Ознакомительная версия. Доступно 8 страниц из 39
Он пробормотал:
– Книга?
– Картина, репродукция которой изображена на обложке. Скажи это завтра твоей воспитательнице.
Вдруг он повысил голос:
– Мне она не нравится.
– Тебе ничего не нравится, Марио.
– Только желтый цвет красивый.
Желтый? Я не припоминал, чтобы в этой картине уделил заметное место какому-либо из оттенков желтого, не помнил даже, чтобы вообще использовал в ней желтый. Но я не успел вглядеться – обложка исчезла с экрана, а ведущий дал слово моему другу.
– Тихо, – сказал я мальчику, который собирался добавить еще что-то. – Сейчас будем слушать.
Мой друг начал выступать, но Марио, как обычно, не послушался; он спрыгнул с кресла, влез на диван и стал что-то говорить. Кажется, я даже не ответил ему, я ждал, что мой друг упомянет обо мне. Он был моложе меня на тридцать лет, очень талантлив и, по-видимому, вполне доволен своими сочинениями – во всяком случае, говорил о них как о самой важной вещи на свете. А я никогда не умел себя подать. Всю жизнь я напряженно работал, но стеснялся оценивать по достоинству свои произведения, надеялся, что это сделают другие. А вот мой друг, рассуждая о своей книге, давал понять, что эта работа переломила давнюю тенденцию, сложившуюся в некоей области науки, и при этом не испытывал ни малейшей неловкости, говорил свободно и доходчиво, и ведущий соглашался с ним, а гости слушали его с интересом. Мне было бы приятно, если бы опять показали обложку, я надеялся, что в передаче прозвучит мое имя и Марио его услышит и закричит: «Даниэле Малларико? Но это же ты, они говорят о тебе!» Вместо этого на экране вдруг появились кадры какой-то аляповатой мультяшки про животных, которые занимались кунг-фу.
Я резко обернулся:
– Кто тебе разрешил взять пульт, кто тебе разрешил переключить на другой канал?

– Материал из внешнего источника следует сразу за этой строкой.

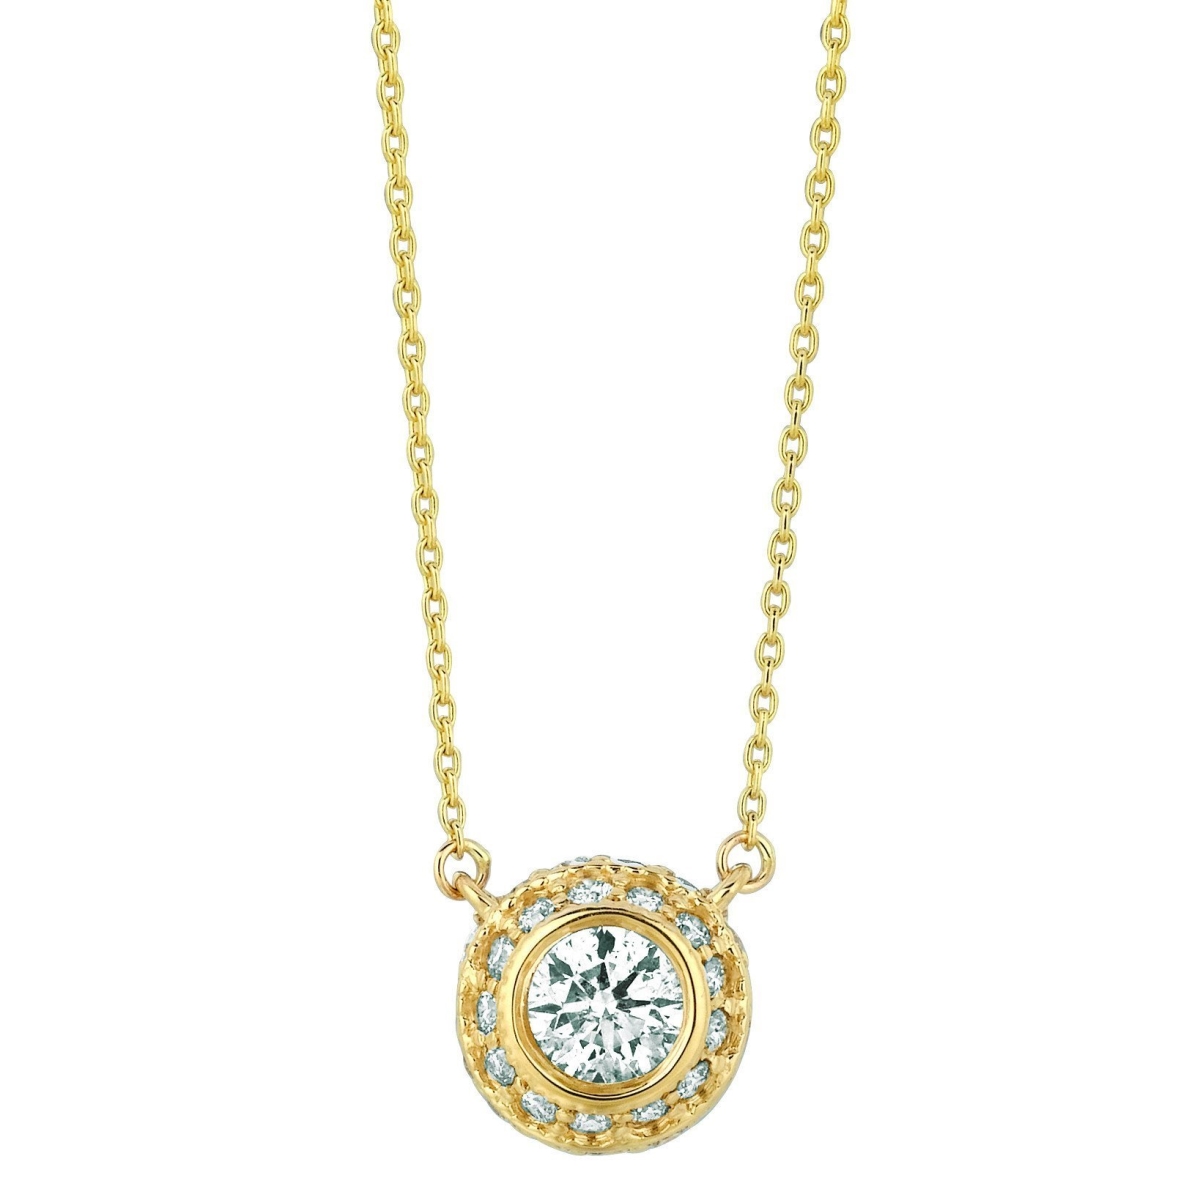 Harry Chad Enterprises 16322 1 CT Diamond Pendant Necklace - 14K Yellow

– Я спросил у тебя разрешения, дедушка, и ты сказал «да», – ответил испуганный Марио.
В бешенстве я протянул руку, и он тут же отдал мне пульт. Сердито бурча, я попытался вернуться на канал, где показывали ток-шоу, но никак не получалось.

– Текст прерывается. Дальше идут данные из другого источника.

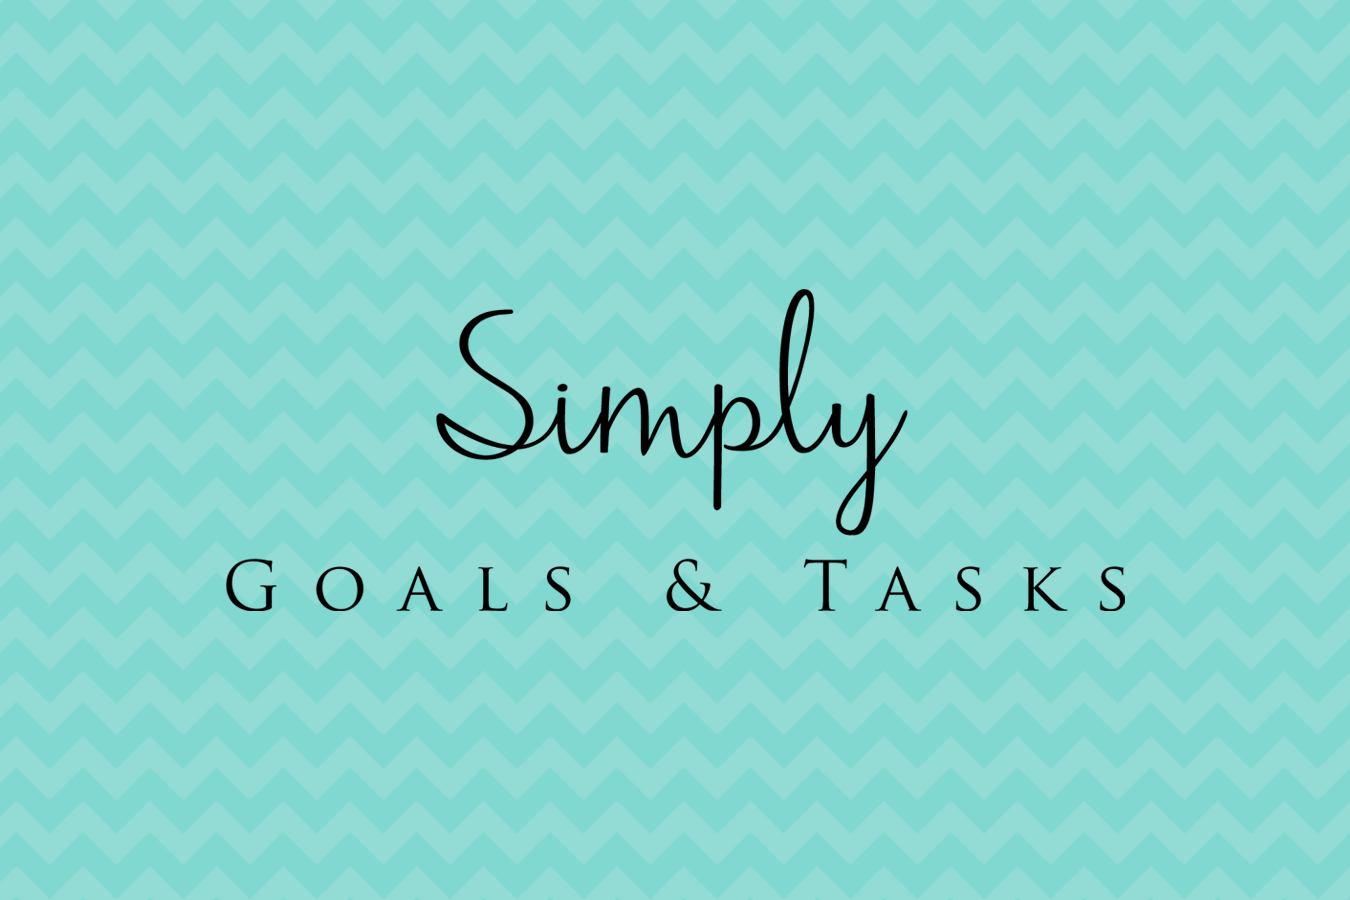 Simply Goals & Tasks

– Надо ввести номер канала, – подсказал Марио.
– Тихо!
Я перескакивал с канала на канал и в итоге нашел нужный, но моего друга больше не показывали. Я бросил пульт на диван и с притворным спокойствием сказал:
– А сейчас ты немедленно пойдешь спать.
Но не сделал ничего, чтобы он выполнил мой приказ. Просто вышел из комнаты, прошелся по квартире, всюду зажег свет, поймал себя на том, что бормочу какие-то бессвязные фразы на диалекте. Сейчас я не просто был совсем без сил и едва не заговаривался от усталости, я был несчастен так, словно все несчастья моей жизни решили собраться в этом доме и в этот момент. Я пошел в комнату Марио, где оставил свои вещи, и споткнулся о его игрушки, разбросанные по полу, одна из них отлетела куда-то далеко. Я взял сигареты, но сообразил, что Бетта, вернувшись, устроит скандал, если почувствует в квартире запах дыма, и вышел курить на балкон.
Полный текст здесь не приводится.